Examining why closed-network systems are not immune to cyber threats and how cloud services add layers of security to minimize risk

Isolated corporate applications and infrastructures are becoming a thing of the past. That’s because trends such as bring-your-own devices (BYOD), internet of things (IoT) and cloud services are compelling businesses to become more connected. Now more than ever, IT departments are looking outside their environment at solutions that could lower costs and take the strain off their resources.

However, in the physical security industry, one common myth is still holding some decision-makers back: it’s the idea that keeping on-premises systems on closed networks is more secure. This article will not only help to debunk this false belief, but also show how companies can further enhance the security of their on-premises systems by connecting to the cloud services with built-in security mechanisms.

Why a Closed Network Doesn’t Protect Your Systems from Threats

The security of corporate data is critical to the integrity of operations. Yet, everywhere we turn, it seems like another company has become victim to some form of cyber threat, malware or ransomware attack. As more breaches occur and attract international press attention, fear grows, leading many to believe that opening up a network to external applications makes an organization more vulnerable to a cyberattack. This mentality is no longer accurate or true. In fact, many might be surprised to learn that a significant percentage of these breaches actually come from internal sources— whether unwitting or on purpose.

Last year, a data exfiltration study done by Intel revealed that “Internal actors were responsible for 43 percent of data loss, half of which was intentional, and half accidental.”1 Another report from Forrester called, “Understand the State of Data Security and Privacy,” found similar results.2 The study indicated that almost 40 percent of breaches came from inside a company, and that accidental and malicious intent was equal.

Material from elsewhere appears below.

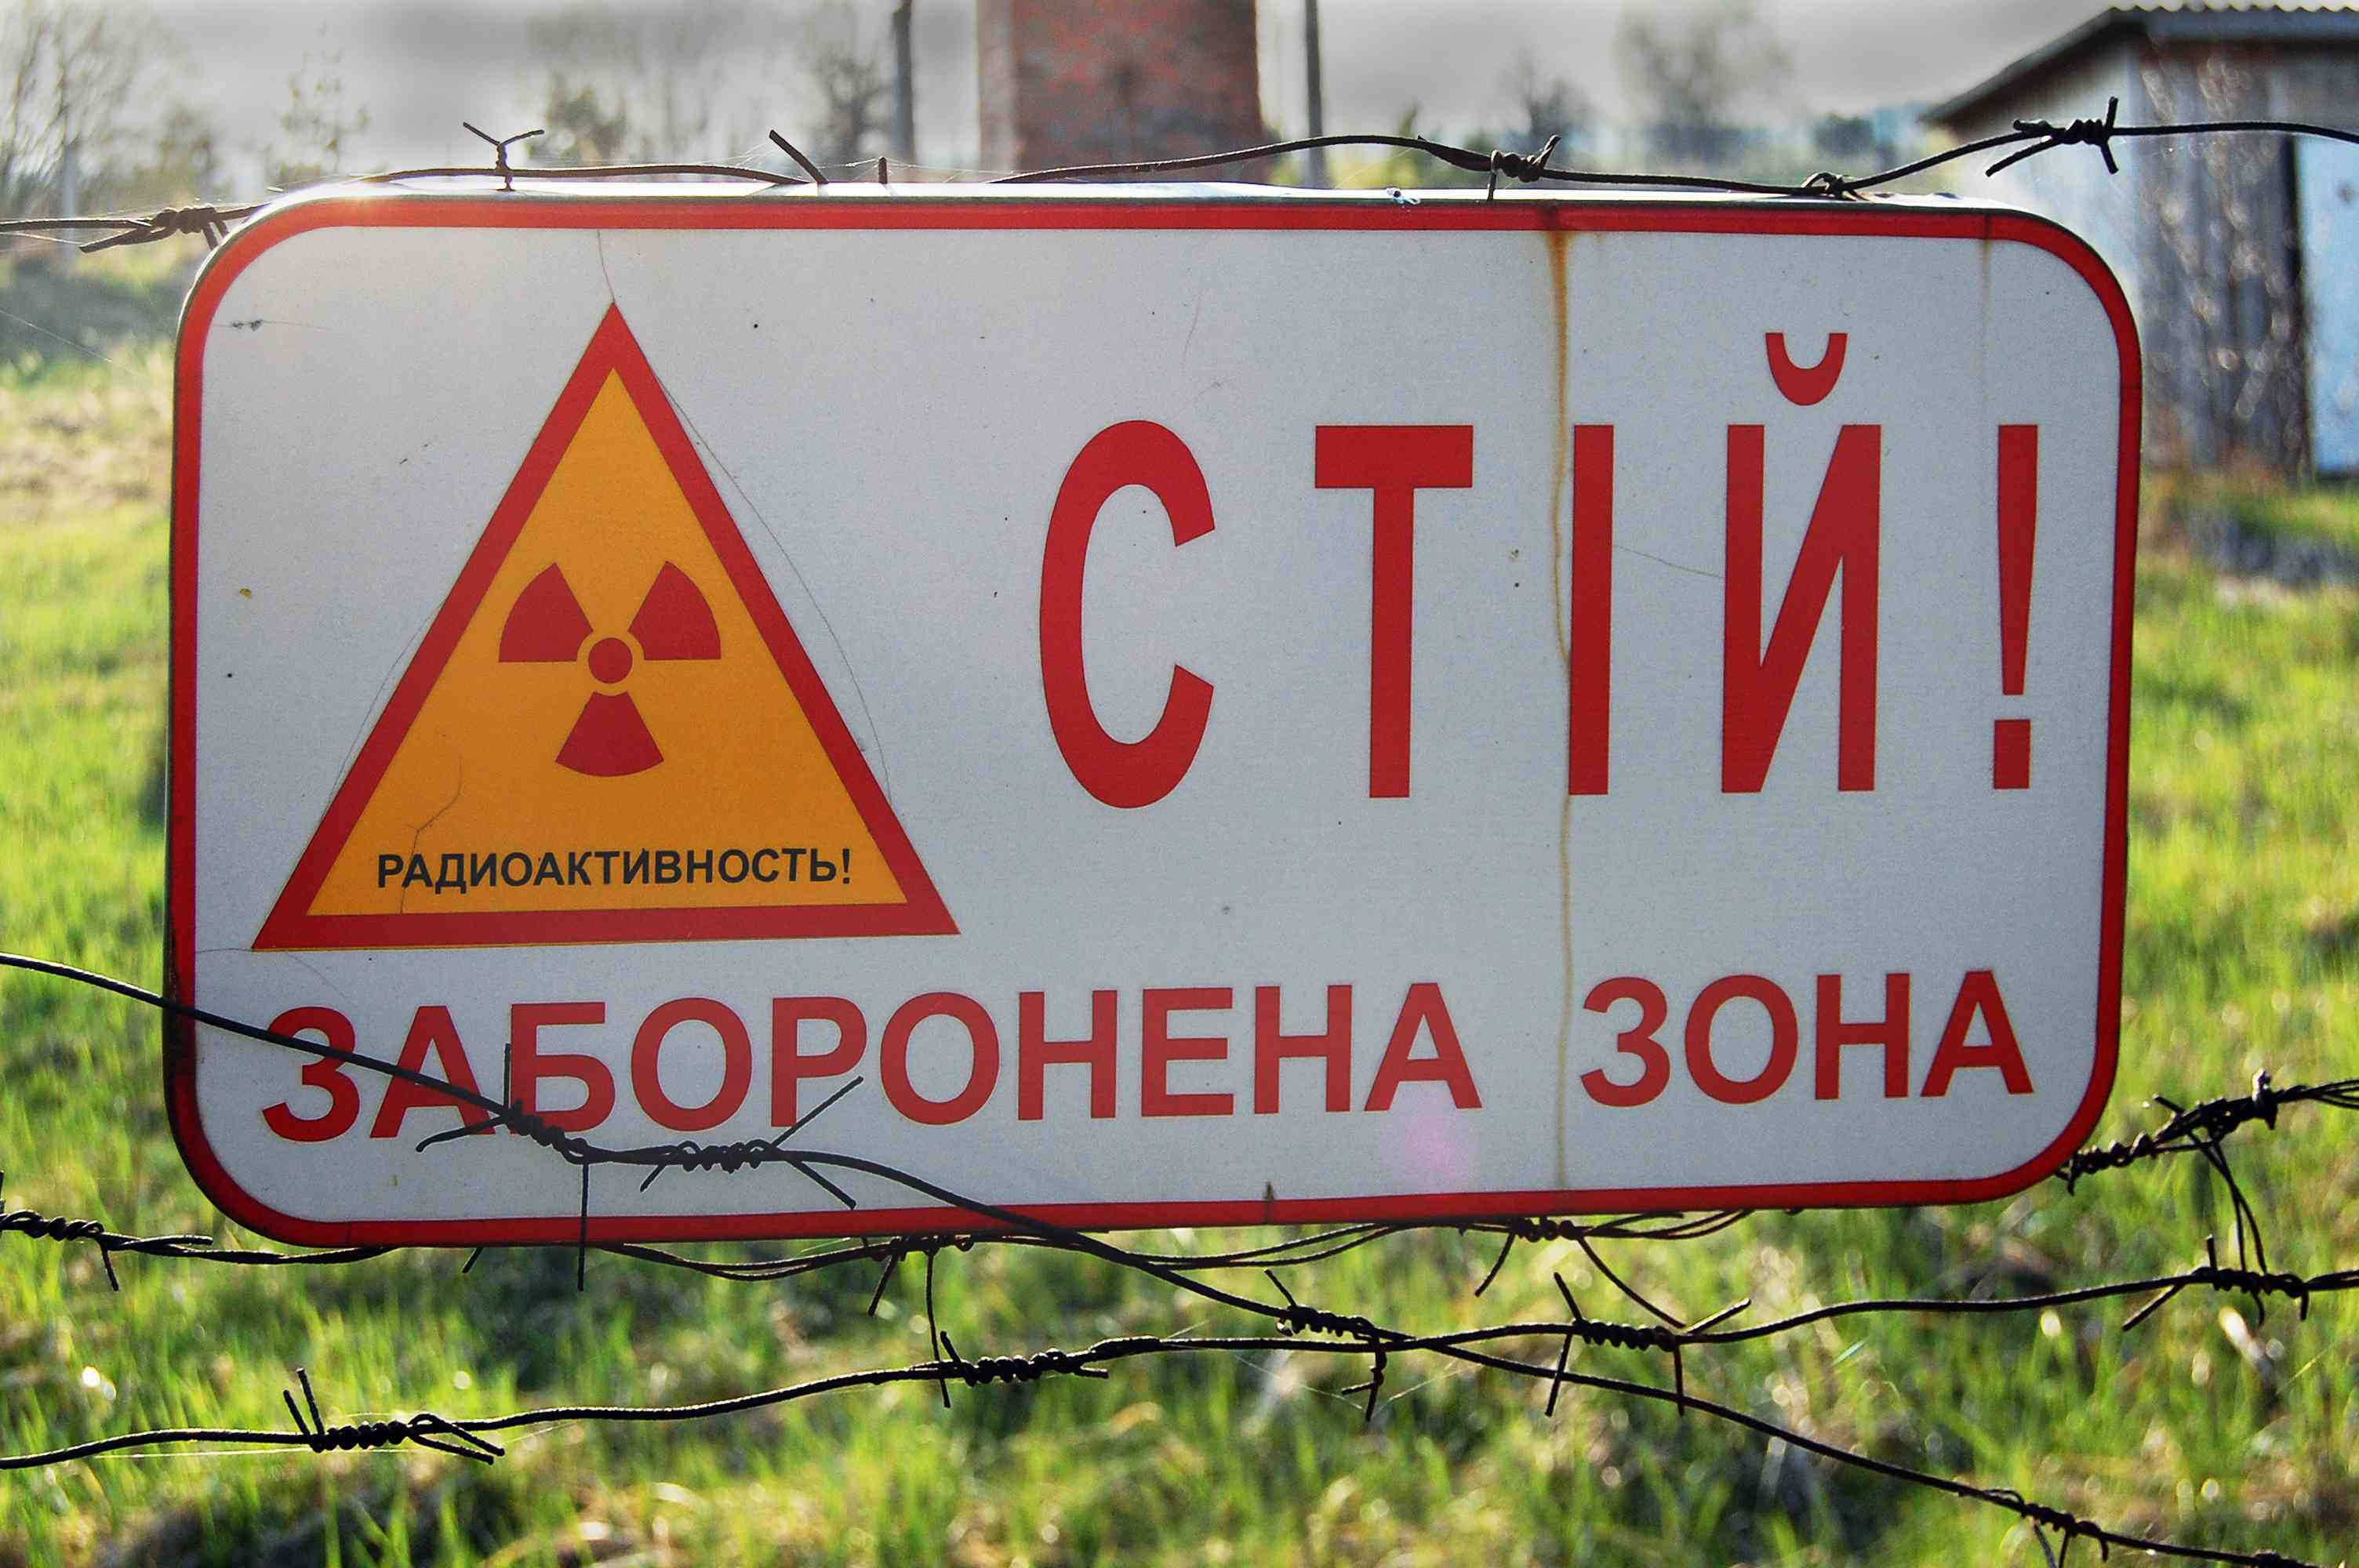 Chernobyl sign, Ukraine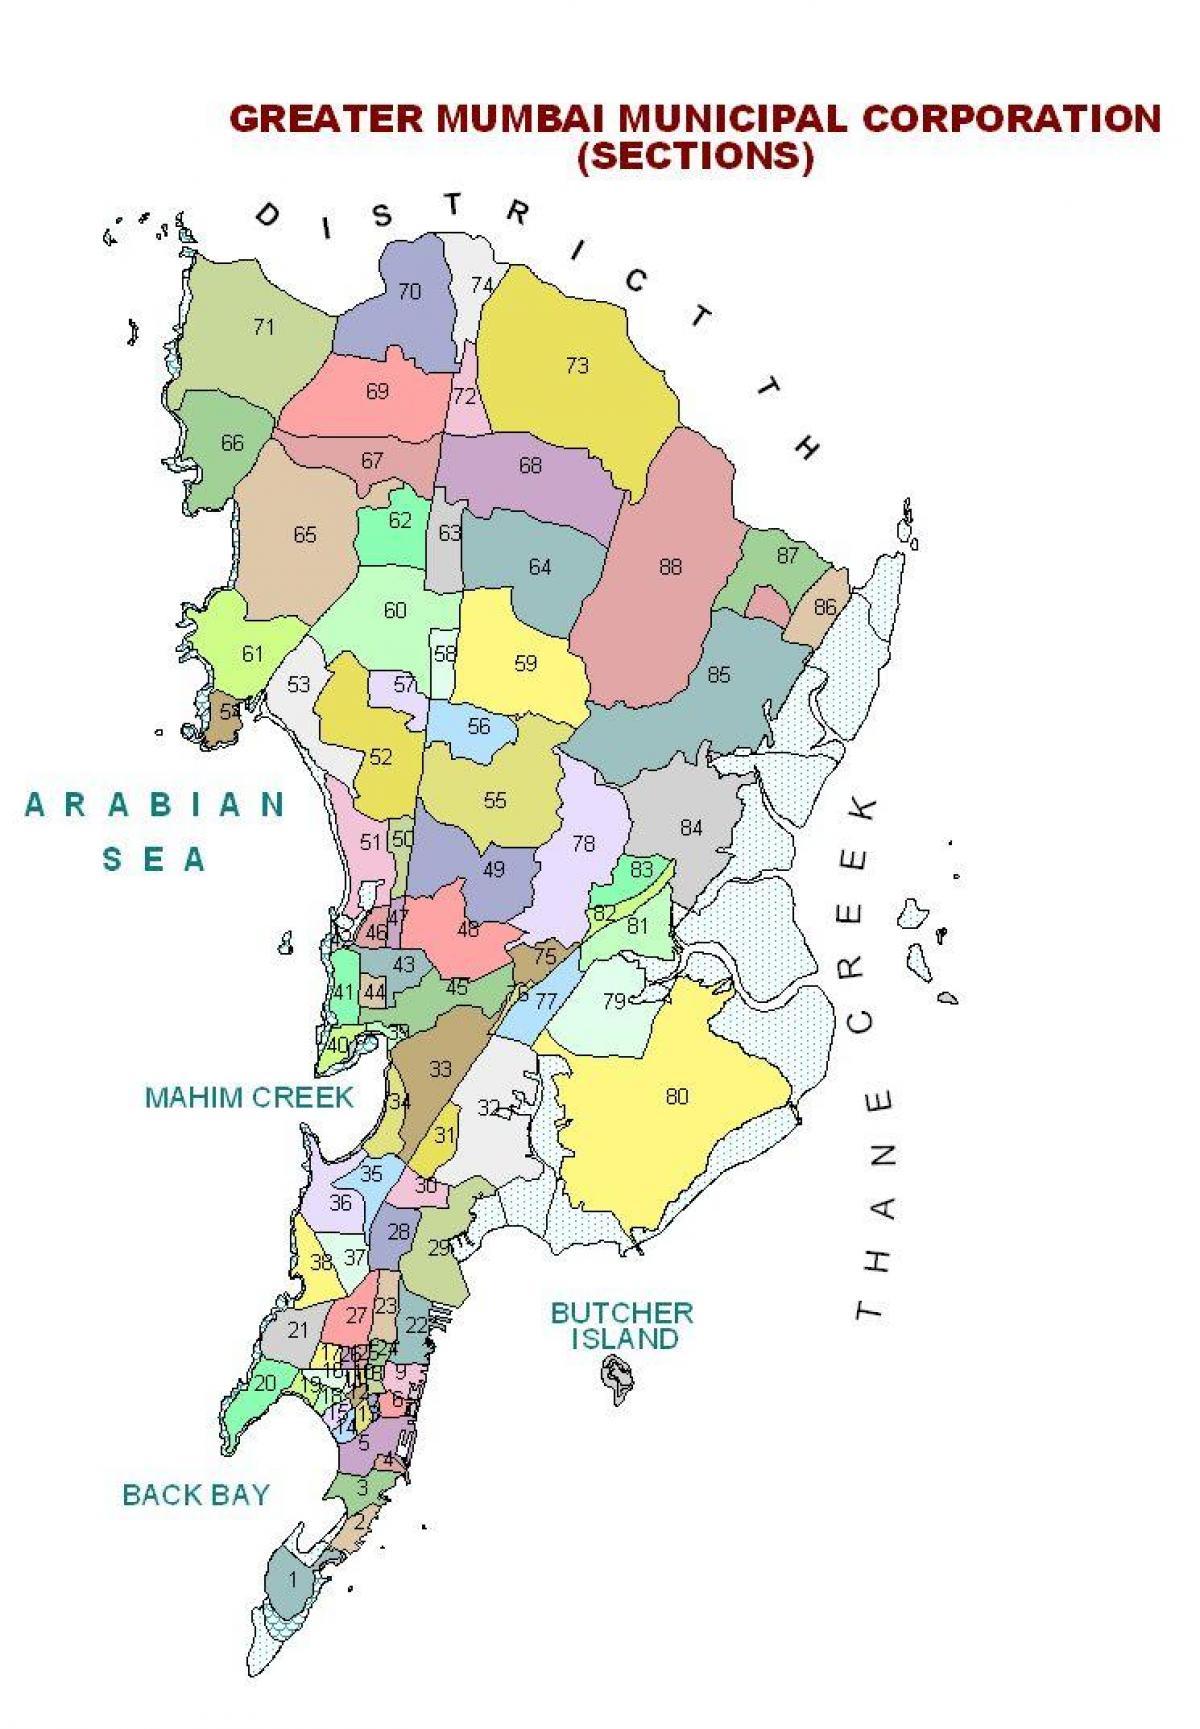 India Politica Cartina.Mumbai Mappa Politica Cartina Politica Di Mumbai Maharashtra India

This data tells us that on-premises systems with closed networks are not entirely immune to threats. An employee can accidently open a phishing scam email and unleash a virus on a closed network. Or, a visitor could maliciously connect a USB stick to a computer with the intent to steal data or take down systems and halt operations.

Even when facing external threats, vulnerability often stems from systems that have not been updated with the latest fixes, or from passwords that have not been changed in months. For example, in the security industry specifically, many businesses unknowingly leave themselves vulnerable to hackers or prying eyes by not changing the default passwords on new video surveillance cameras.

While many believe that opening their network to cloud services might welcome greater risks, these studies and common mishaps suggest otherwise. Lack of employee education or defined cyber security policies, gaps in physical security and insufficient system maintenance contribute to the greatest number of threats.

How Connected Applications are Shaping Up to Be More Secure

Cloud is not all or nothing. Cloud services can be added to complement an on-premises system and its infrastructure. This can include using cloud applications to store long-term evidence, instead of on local servers or on external storage devices which can end up in the wrong hands. Cloud services can also play a critical role in disaster recovery.

In case servers are damaged by a fire or natural disaster, a full system back-up can be restored using cloud services so operations can continue without delay. Organizations can connect on-premises systems to cloud services to strengthen security and minimize internal and external threats. Here is how.

Automating Updates to Avoid Known Vulnerabilities

Many vulnerabilities that hackers prey on are quickly identified and fixed by vendors in software version updates. Even when an IT team sets scheduled updates in a closed environment, it might not happen fast enough to prevent a breach. The perk of deploying cloud services is that system updates are facilitated by the vendor. As soon as the latest versions and fixes are available, the client will have access to them. This helps to ensure that their systems are always protected against known vulnerabilities.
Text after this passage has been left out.